Acre
Ex-soldado ganha ação contra Exército na Justiça
Há mais ou menos quatro anos, Adailson de Freitas perdeu a audição e sofre de transtornos mentais e bipolares. O laudo médico foi atestado em Manaus (AM).
Segundo ele, a doença foi diagnosticada quando ainda estava cumprindo o serviço militar.
Tudo começou em 2009, quando participava da Semana Verde, uma espécie de Operação Boina, na qual os soldados passam por uma série de atividades na floresta.
A pressão foi tão grande que o jovem não suportou e começou a apresentar um comportamento estranho.
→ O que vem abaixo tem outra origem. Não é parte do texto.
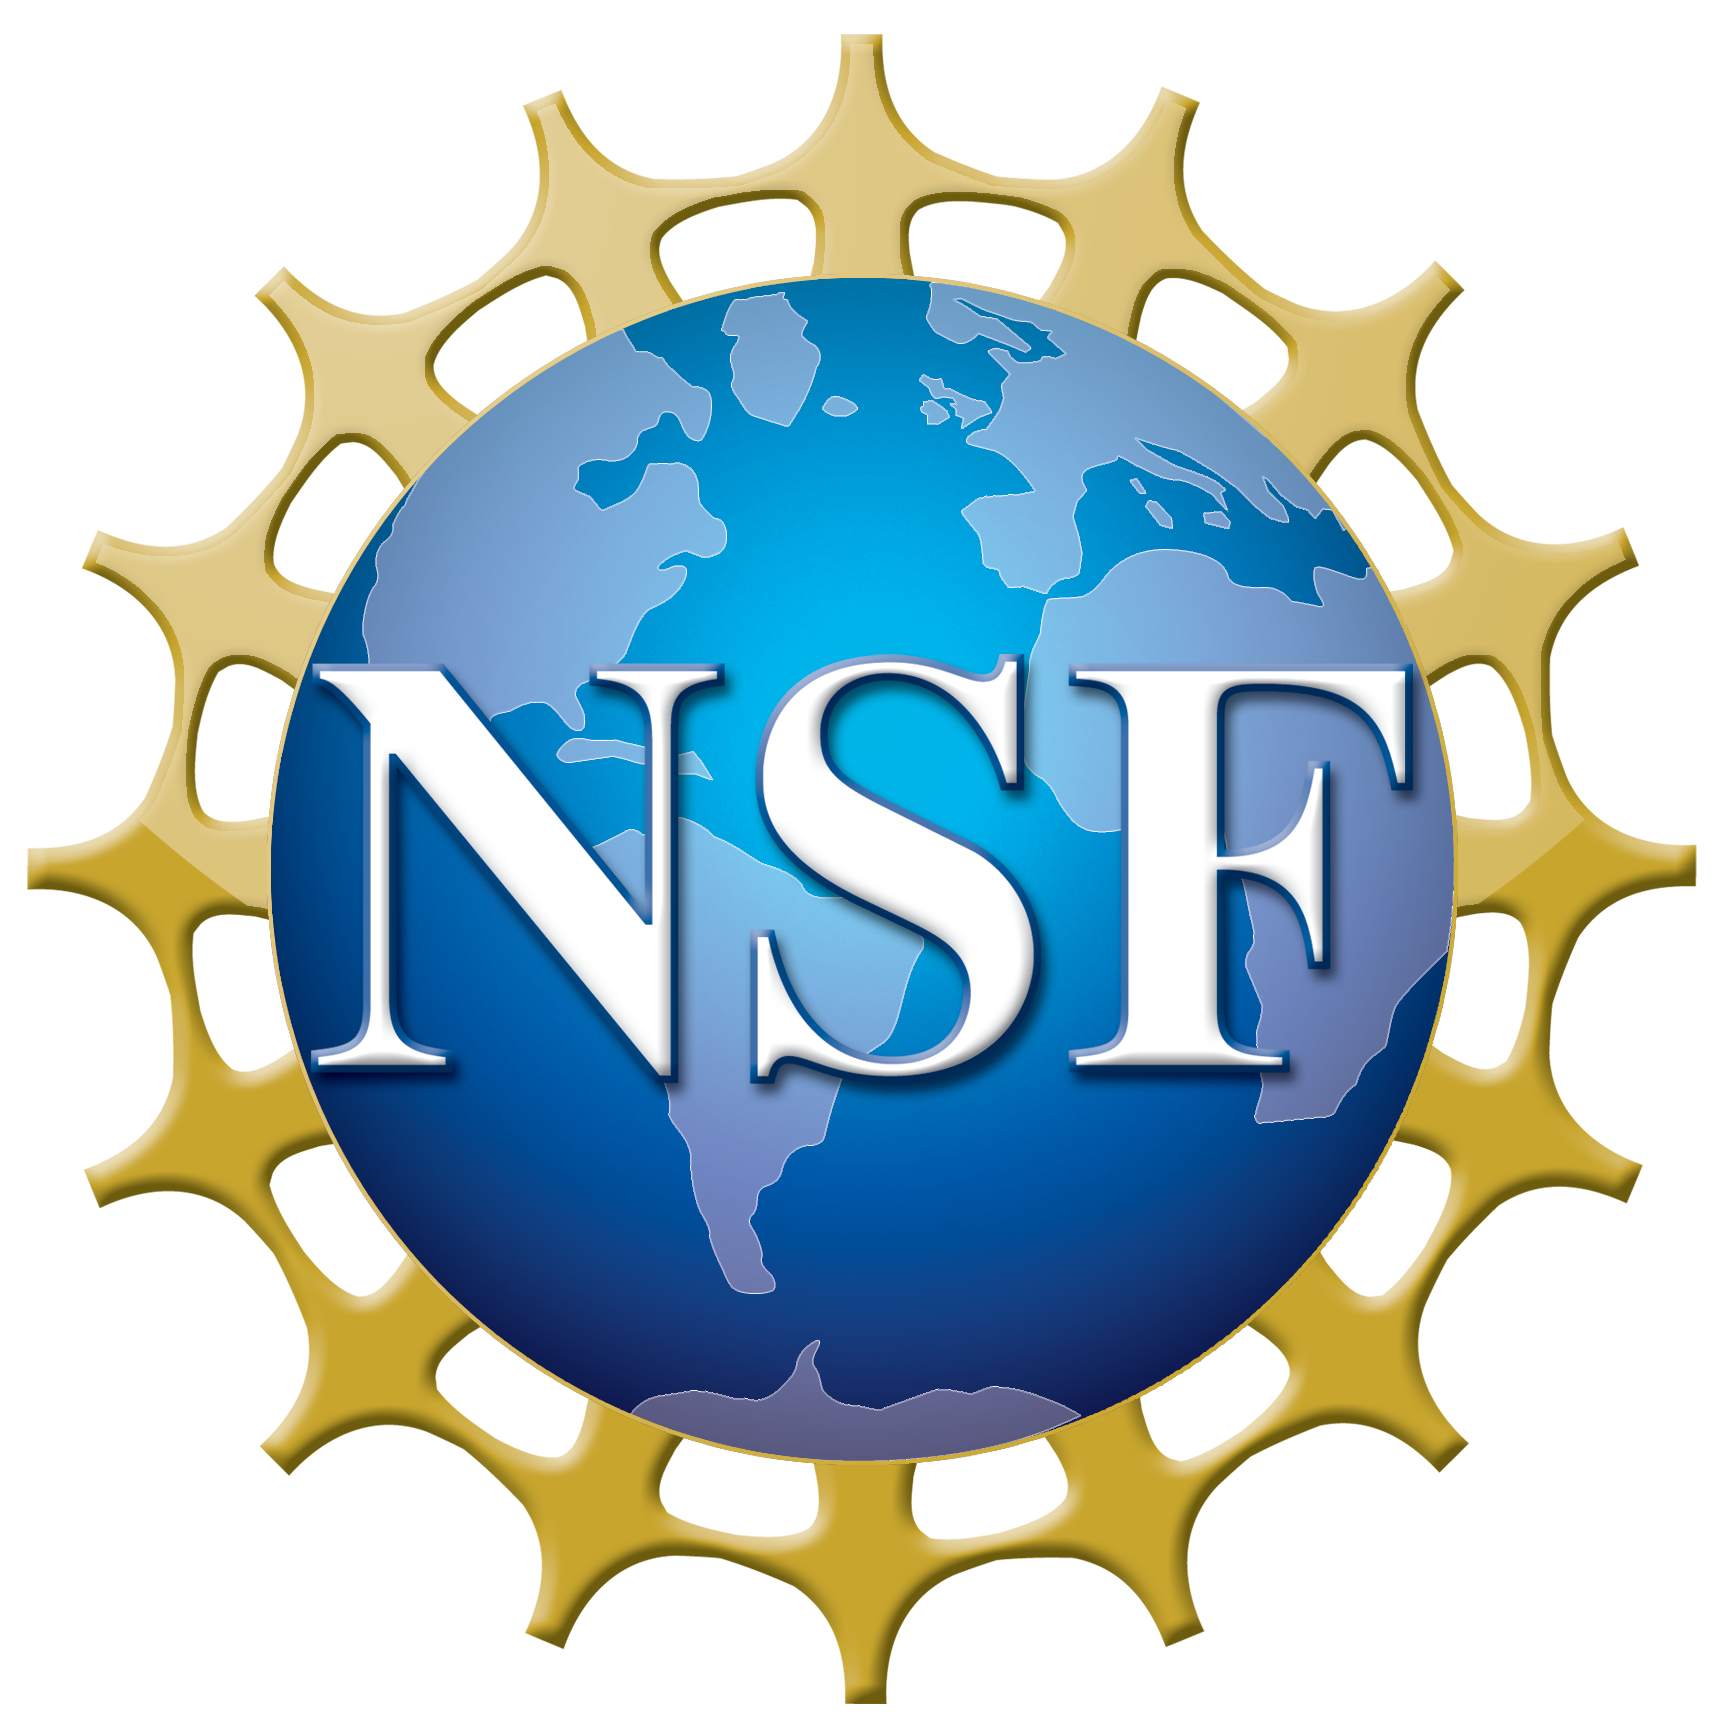 About the NSF’s Small Business Programs:

America’s Seed Fund powered by NSF awards $200 million annually to startups and small businesses, transforming scientific discovery into products and services with commercial and  societal impact. Startups working across almost all areas of science and technology can receive up to $1.75 million to support research and development (R&D), helping de-risk technology for commercial success. America’s Seed Fund is congressionally mandated through the Small Business Innovation Research (SBIR) program. The NSF is an independent federal agency with a budget of about $8.1 billion that supports fundamental research and education across all fields of science and engineering. For more information, visit https://seedfund.nsf.gov/. #NSFFUNDED, #NSFSTORIES

Adailson fez tratamento no Hospital de Saúde Mental do Acre (Hosmac). O Exército oferece uma ajuda de custo de R$ 470 – um terço do salário que recebia, que era de R$ 1,4 mil.
“Vivo com o pouco que ganho. Com esse dinheiro pago a pensão da minha filha, o aluguel de onde moro, e compro os meus remédios. Não da para fazer quase nada. Para comer tenho que pedir na casa de um e de outro”, desabafa o jovem.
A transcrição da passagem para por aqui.